Think about Medicaid. If the care is documented and the rate is reasonable, payments under a personal care agreement are generally treated as legitimate expenses, not gifts. This means they won't trigger a Medicaid penalty during the look-back period. Without documentation, Medicaid may treat payments to family members as transfers that create a penalty. This is where good records matter most.

Making It Fair Across the Family

If you're being paid and your brother is also providing care but isn't being paid, that creates tension. These conversations are hard, but they're easier to have before conflict develops. If you're going to pay one family member for care, be transparent about it and be clear about why that person is being paid and others aren't.

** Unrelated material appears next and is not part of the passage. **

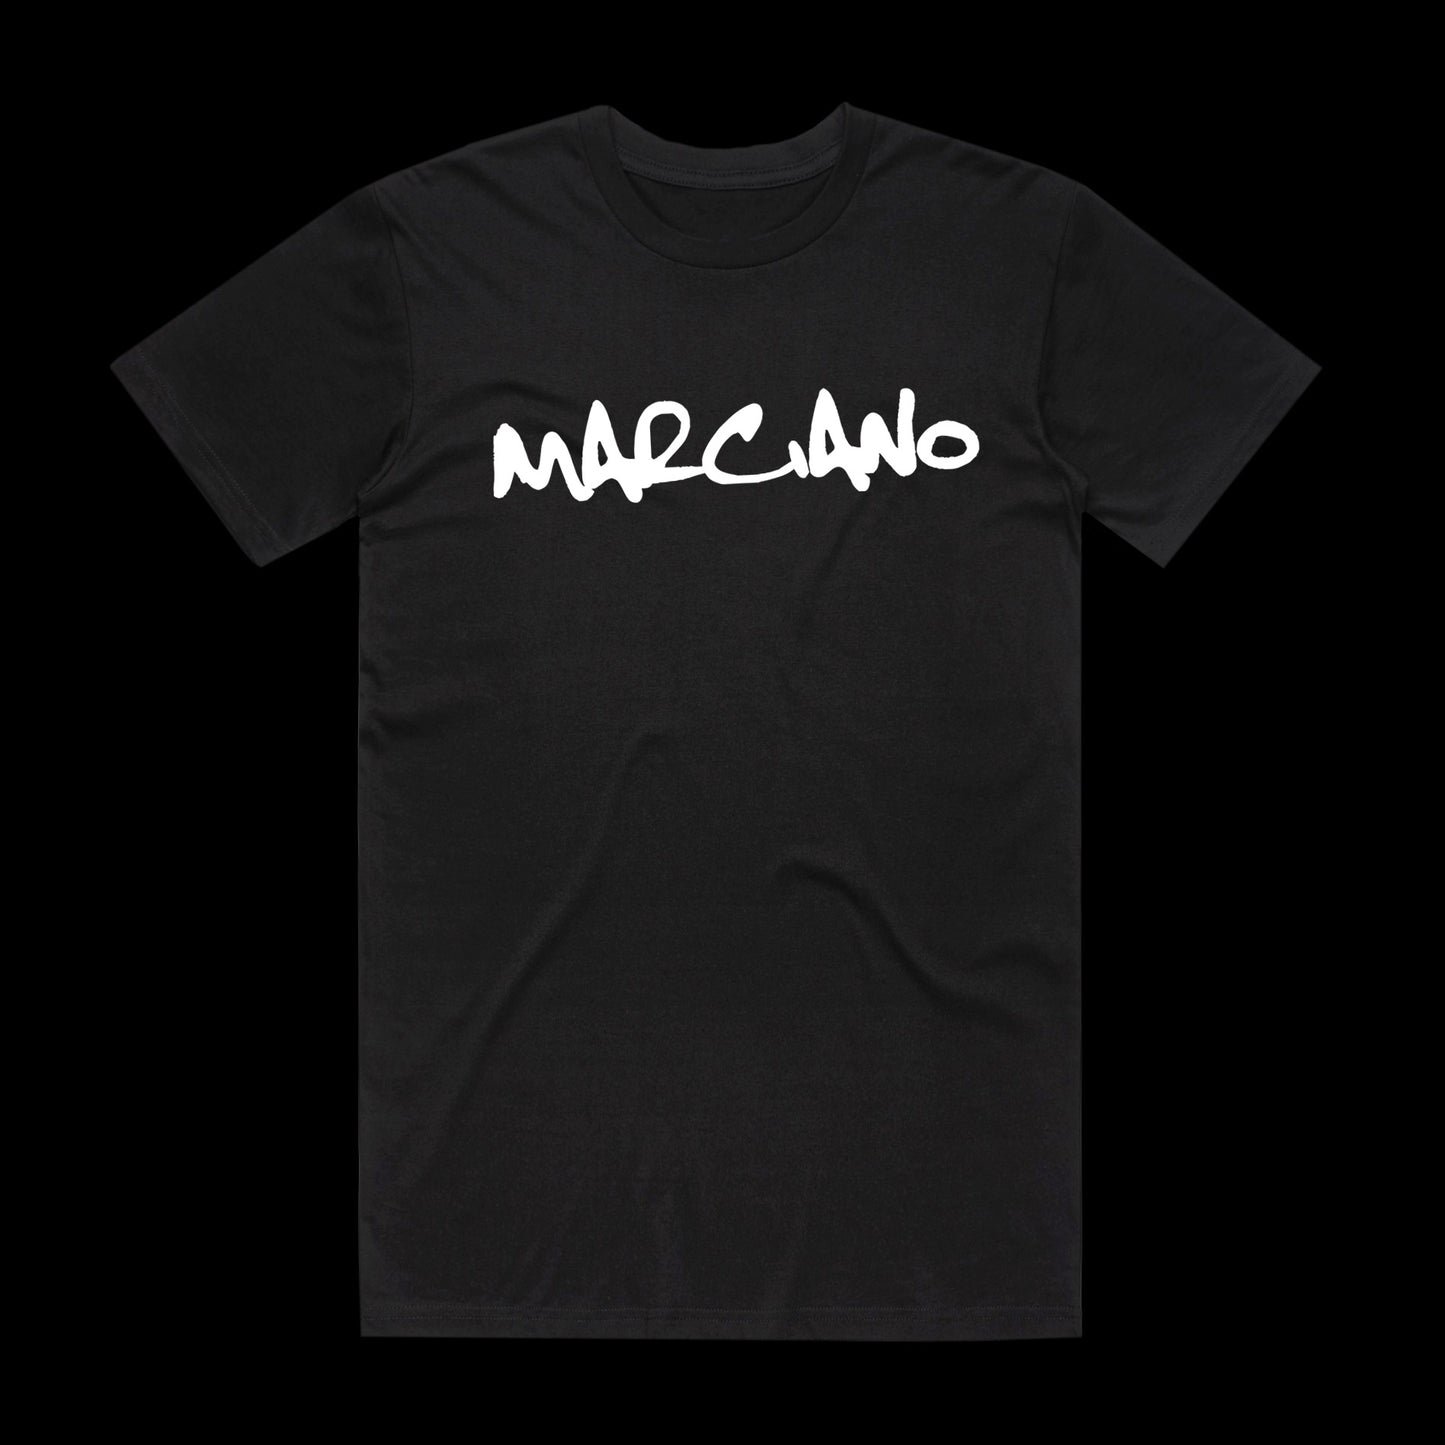 Marciano (Black T-Shirt)

Talk to your parent directly: "We're doing a lot of care work. Would you like to compensate any of us for it?" Some parents will immediately say yes. Some will feel uncomfortable. Some will think it's inappropriate. Understand what your parent wants and is comfortable with.

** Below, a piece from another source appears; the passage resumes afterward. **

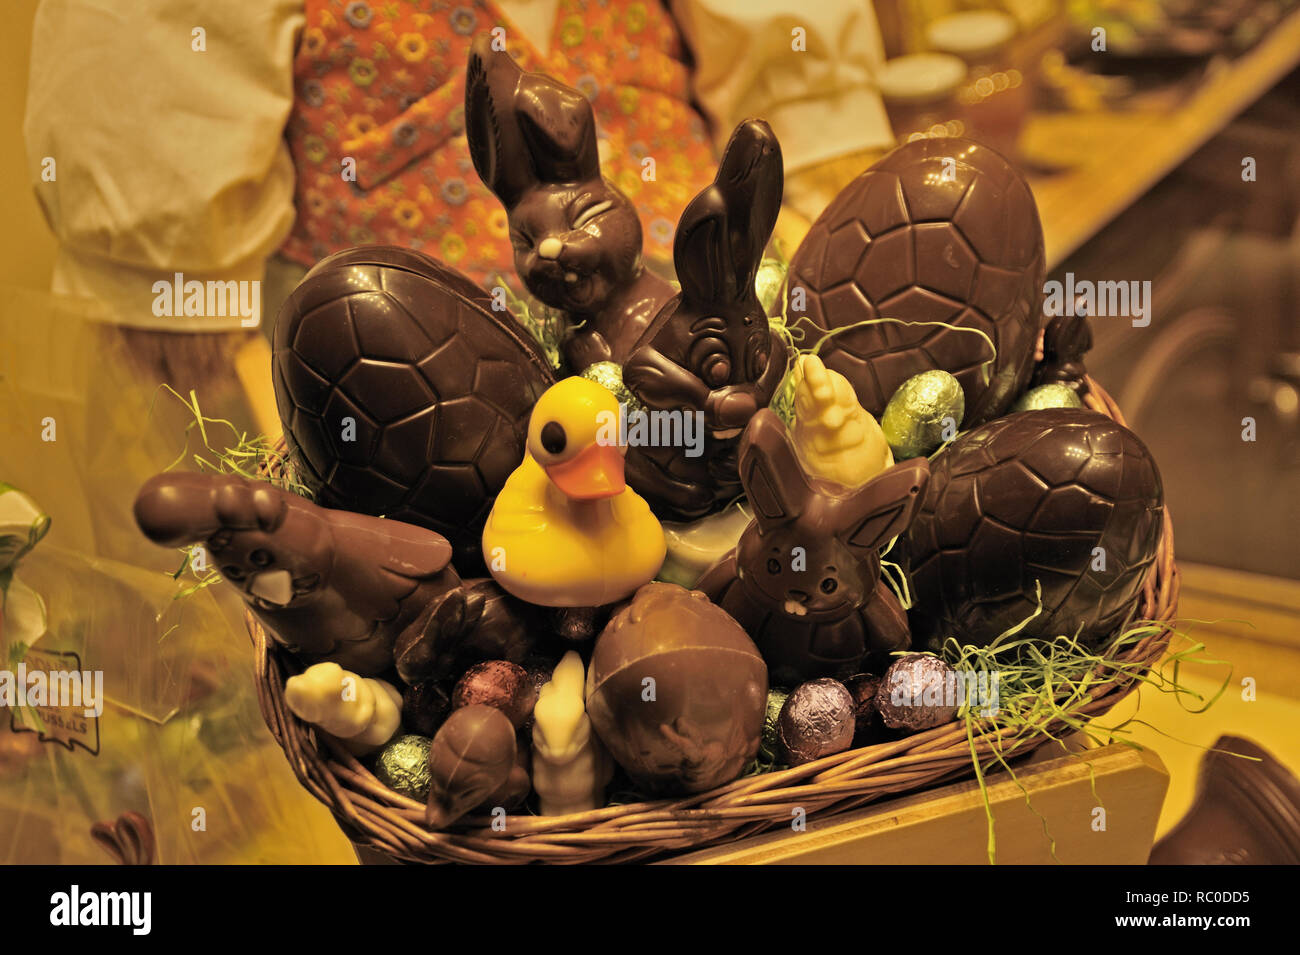 Belgische Schokopralinen zu Ostern, Brüssel,  Belgien, Europa  | Belgium chocolates for Easter time,  Brussels, Belgium, Europe Stock Photo

Talk to your whole family. If one person is going to be paid and others aren't, everyone should understand why and have a chance to voice concerns. If payment is going to come from your parent's assets and that affects what gets left in the estate, people need to know.

Make sure it's sustainable. If paying a family member is going to deplete your parent's assets quickly, everyone needs to understand and accept that.

Document it in your parent's estate plan. If payment to a family member for caregiving will be taken out of the estate before anything is distributed to heirs, that should be in the will. If it's meant to reduce what that person inherits, that should be clear. If it's in addition to their inheritance, that should be stated. Confusion after your parent dies about whether payments were gifts, advances on inheritance, or fair compensation is exactly what you're trying to prevent.

At its heart, paying family caregivers is about recognizing that care work is work. It has value. If your parent has the means to compensate people doing that work, there's nothing wrong with it. Being thoughtful about the structure, the documentation, and the family communication makes it more likely that the arrangement works without creating conflict.

Frequently Asked Questions

How much should a family caregiver be paid?
The standard approach is to pay at or below the market rate for equivalent professional care in your area. According to Genworth, the national median for a home health aide is roughly $33 per hour. Paying a family member $20 to $30 per hour for comparable work is generally considered reasonable and defensible.

Do I have to pay taxes on caregiving income from my parent?
Yes. The IRS considers payments for caregiving services to be taxable income. Depending on how the arrangement is structured, you may owe self-employment taxes or your parent may need to handle payroll withholding as a household employer. Consult an accountant to determine the correct approach for your situation.

Will paying a family caregiver affect my parent's Medicaid eligibility?
If the payments are made under a documented personal care agreement at a reasonable rate, they are generally treated as legitimate expenses and do not trigger a Medicaid transfer penalty. Without proper documentation, Medicaid may classify the payments as gifts during the look-back period, which can delay eligibility.

What is a personal care agreement?
A personal care agreement is a written contract between your parent and the family member providing care. It specifies the services to be provided, the rate of pay, the schedule, and how payments will be made. This document protects both parties and provides the documentation that Medicaid and the IRS expect to see.

Can Medicaid actually pay a family member to be a caregiver?
In many states, yes. Medicaid has consumer-directed or self-directed care programs that allow the care recipient to hire a family member as their paid caregiver. Rates are set by the state and there are administrative requirements, but these programs exist specifically to support family caregiving. Check with your state's Medicaid office or an elder law attorney to find out what's available where you live.